[Autoscaler v1] AutoscalerSummary Active node check ignores raylet termination

### What happened + What you expected to happen

## Description
- The Ray Autoscaler (v1) AutoscalerSummary currently uses [LoadMetrics.is_active(ip)](https://github.com/ray-project/ray/blob/master/python/ray/autoscaler/_private/autoscaler.py#L1471-L1476) to determine whether a node is active. However, this check does not account for whether the raylet on that node is still running.
- In particular, if a node’s raylet has already exited (e.g., due to idle timeout), but the node is still returned by the NodeProvider as part of the non_terminated_nodes list, the autoscaler will incorrectly consider the node as active.
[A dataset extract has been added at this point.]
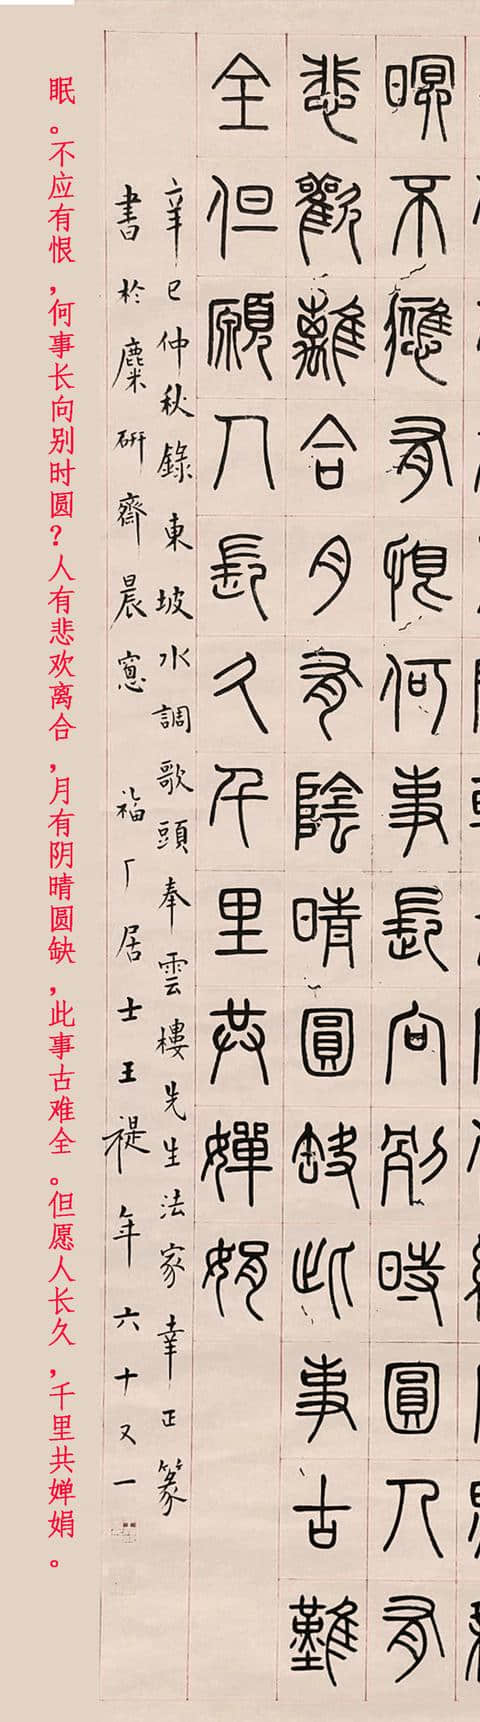 王福庵1941年篆书苏东坡《水调歌头·明月几时有》立轴

This leads to inconsistencies in the summary() output.
- Although this situation may not occur frequently, it highlights the need to revise the logic for determining active nodes. The current implementation results in inaccurate cluster state reporting in edge cases like this.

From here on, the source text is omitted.